Si l'on va encore plus loin dans l'exercice, on s'aperçoit que le vrai problème du responsable hiérarchique en entreprise est d'être trop peu sensible à la psychologie des gens. Cette caractéristique n'est pas le seul fait du responsable, mais elle se voit plus chez lui, car sa seule façon d'imposer sa volonté est d'utiliser des arguments d'autorité. On pourrait résumer cela en disant que le management à la française est souvent un management à la Louis XIV, un management affectif qui favorise le copinage et la montée dans la hiérarchie d'incapables ne se faisant respecter qu'en jouant les petits chefs sur des sbires qu'ils harcèlent. Bien sûr, le tableau de la vie en entreprise peut n'être pas glorieux ; mais il est le fait des hommes et des femmes qui la composent.

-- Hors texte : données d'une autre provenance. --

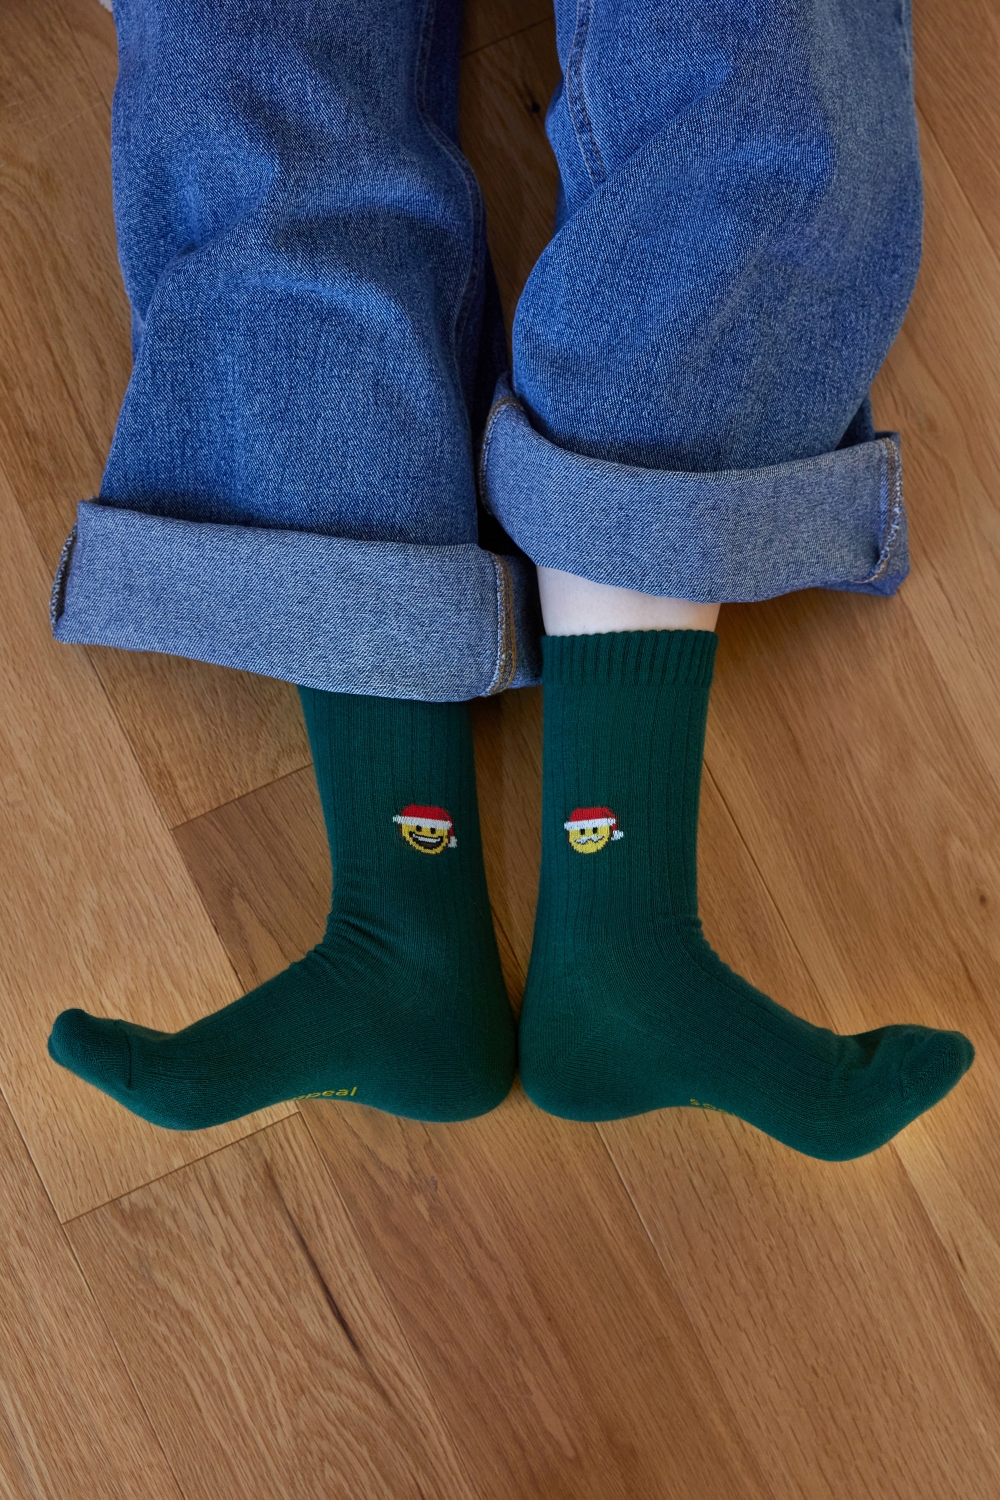 socks detail image-S1L5

Il s'avère que dans les autres pays occidentaux, surtout ceux dont la culture d'origine est protestante et où le respect de la loi est traditionnellement une des plus hautes vertus de l'homme, les choses se passent souvent légèrement différemment. Les relations de travail sont moins passionnelles. Les gens peuvent traiter de problèmes graves sans mettre en péril la société toute entière. De plus, ces sociétés ne méprisent pas la psychologie et considèrent que les postes de responsables doivent inclure des formations à la gestion des personnes, des conflits dans le respect de l'intégrité psychologique des gens.

[modifier] Un pamphlet de plus

Ce n'est donc pas un hasard si ce genre de livre est publié en France. Le souci principal avec le succès de pamphlets de ce type est, qu'encore une fois, ils rallient contre une image inconsciente erronée, et non en mettant, constructivement, le doigt sur des problèmes réels. Parmi ces derniers, le manque de formation psychologique des responsables, la gestion des conflits, la motivation, etc.

C'est pour quoi, il serait un peu ennuyeux que ce livre devienne une icône du malaise dans l'entreprise, car c'est le livre du découragement, du choix non assumé, c'est le livre de la critique de la surface. Loin d'éclaircir le malaise présent dans certaines entreprises, il présente un tableau fataliste des choses et contribue à la noirceur de la représentation du monde qu'il est à la mode de donner. Il n'est pas question de voir ce qui ne va pas pour tenter de le résoudre, il n'est question que d'abattement, de tricherie et de mensonge. Tout l'inverse de l'esprit d'entreprise, somme toute, qui peut définir un espace collaboratif tout en limitant la propension des personnes à se nuire mutuellement.

[modifier] Notes

  1. Cf. la genèse de la société névrotique.